Convert the Binary code of the Number into it’s equivalent Gray’s code using recursion. Binary is the default way to store numbers, but in many applications, binary numbers are not useful and a variation of binary is needed. Gray code has the property that two successive numbers differ in only one bit and used in K-maps, error correction, and communication.
Examples:
Input: 1101
Output: 1011
Input: 11010001
Output: 10111001
Approach #1: Numbers Under Integer Limit
Algorithm:
- If n=0 then gray=0.
- Else if the last two bits are opposite to each other then gray = 1 + (10 * binaryToGray(n/10)).
- Else if the last two bits are same then gray = 10 * binaryToGray(n/10)
Below is the implementation of the above approach.
Java
import java.io.*;
class GFG {
public static int binaryToGray(int n)
{
if (n == 0) {
return 0;
}
int a = n % 10;
int b = (n / 10) % 10;
if ((a & ~b) == 1 || (~a & b) == 1) {
return (1 + 10 * binaryToGray(n / 10));
}
return (10 * binaryToGray(n / 10));
}
public static void main(String[] args)
{
int binaryNumber = 11010001;
int result = binaryToGray(binaryNumber);
System.out.println("Gray Code is " + result);
}
}
|
OutputGray Code is 10111001
Approach #2: Large Binary Numbers
Algorithm:
- Take input in string format.
- Pass current pointer in a recursive function.
- Store XOR of i’th and (i-1)th bit into array.
- Return the array at the end of recursion.

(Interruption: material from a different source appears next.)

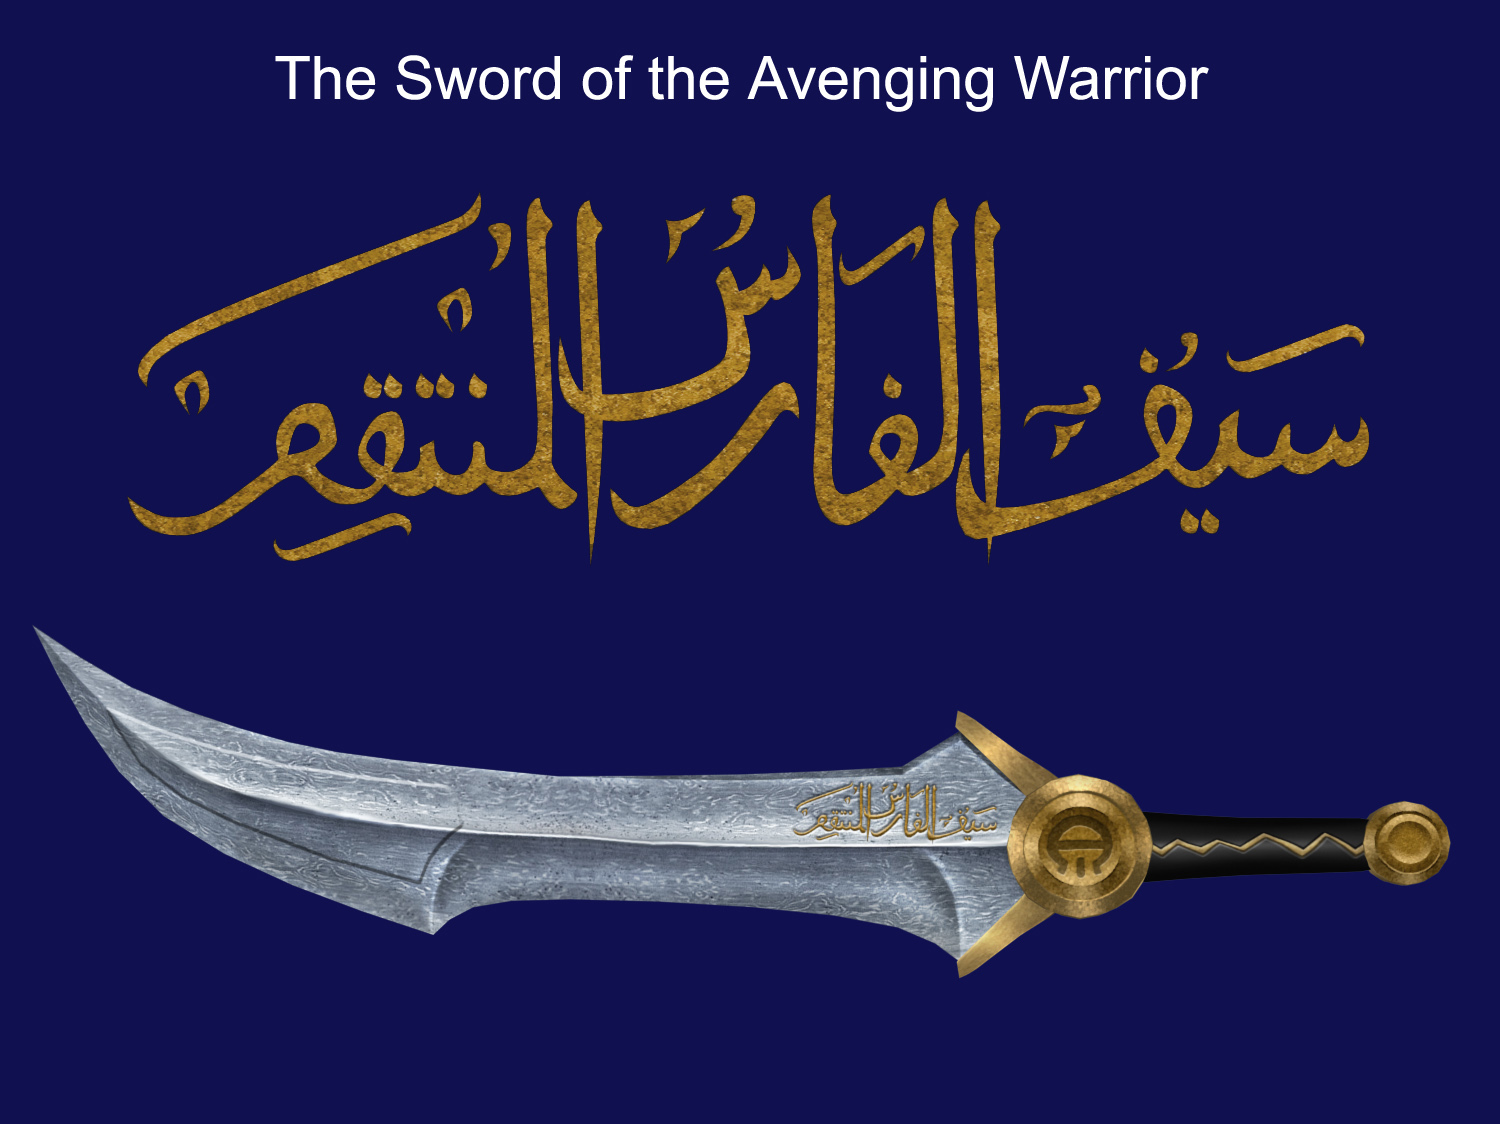 prince of persia water sword

Below is the implementation of the above approach.
Java
import java.io.*;
class GFG {
public static char xor(char a, char b)
{
if (a == b)
return '0';
else
return '1';
}
public static char[] ans(char[] kp, String str, int i)
{
if (i == str.length())
return kp;
kp[i] = xor(str.charAt(i), str.charAt(i - 1));
i++;
return ans(kp, str, i);
}
public static void main(String args[])
{
String str = "01001";
char[] kp = new char[str.length()];
kp[0] = str.charAt(0);
ans(kp, str, 1);
System.out.print("Gray Code is ");
for (char i : kp)
System.out.print(i + "");
}
}
|
Time Complexity: O(N), where N is the length of Binary Code.
Auxiliary Space: O(N) if char array kp is considered, otherwise O(1)